You sound Angry, Bitter, and Critical

My neighbor’s name is Carissa. She is twenty-one years old. And she is beautiful.

But she has a very … strange relationship with her boyfriend. His name is Kirk. It is not that Kirk is abusive … not really. I suppose you could say he is controlling and manipulative, but I don’t even know if that is exactly accurate. Something just seems “off.”

He wants to know where she is at all times, even though she hardly ever knows what he is doing most of the week.

He demands to know where she spends her money, and also requires that she contribute a portion of her money to their “date fund.”

Their “dates” are really something closer to appointments. They go on one date per week, from 7:00-9:00 PM every Friday night. If she is late or has to cancel, Kirk wants to know why. If she doesn’t wear the right clothes on their dates, he chides her for not looking her best. He constantly reminds her that if she wants their relationship to work, these dates are critical.
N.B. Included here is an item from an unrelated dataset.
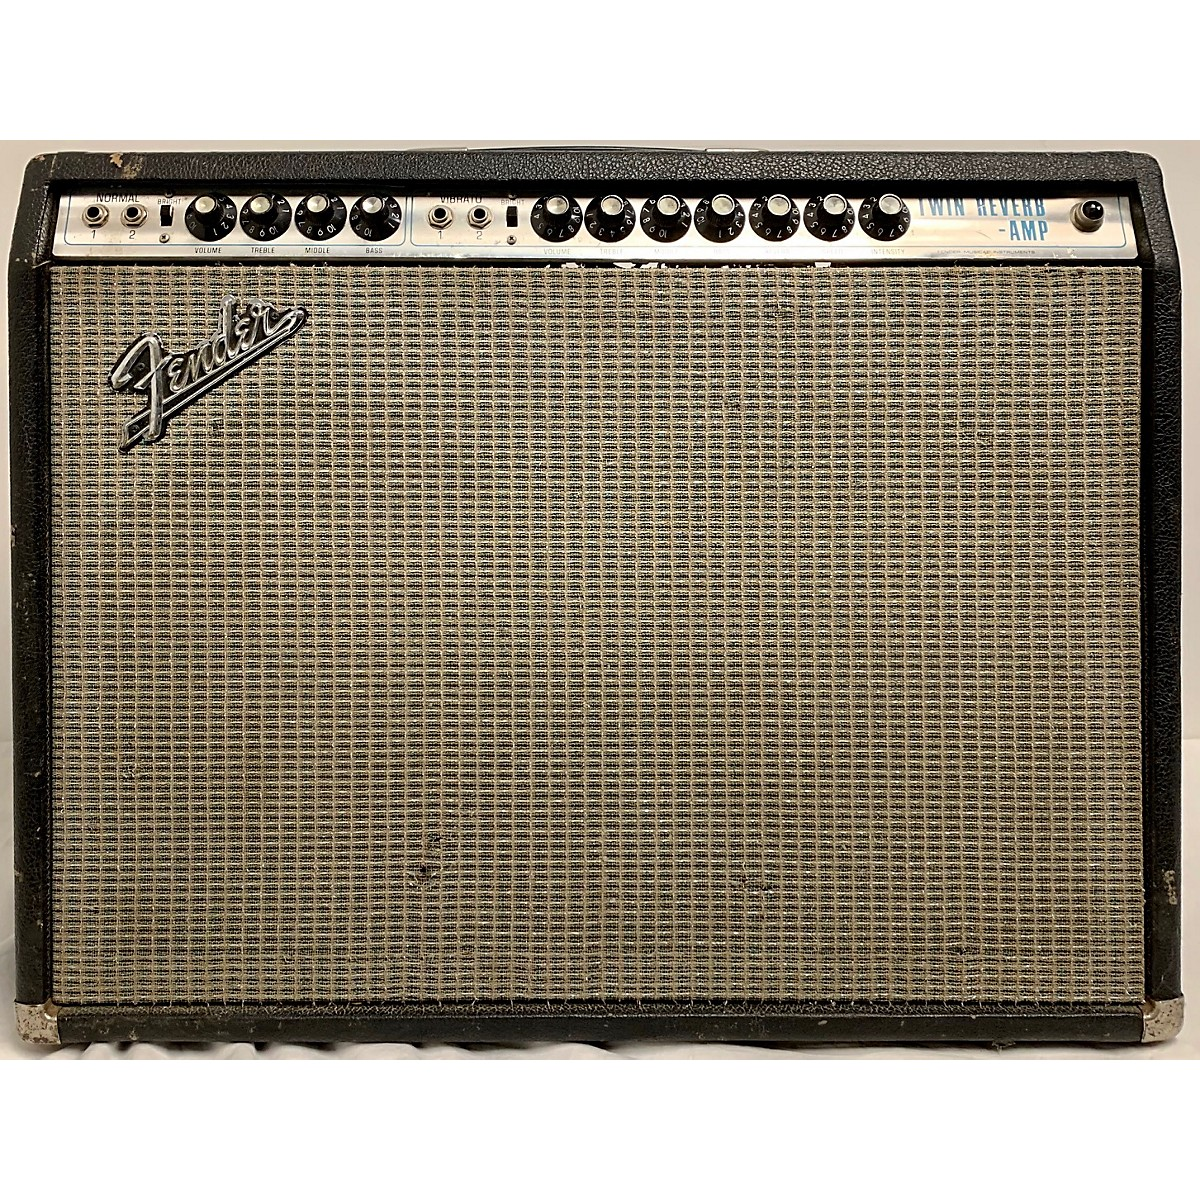 Fender 1969 Twin Reverb 2x12 Tube Guitar Combo Amp

But they do the same thing every week for their date. He picks her up at 7:00 sharp. They listen to music on the way to a restaurant. He only lets her pick from 20 “date approved” songs. And they go to the same restaurant every week. He orders food for her without asking what she wants. What he orders varies from week to week, and while it is occasionally the cheapest thing on the menu, it is never the most expensive.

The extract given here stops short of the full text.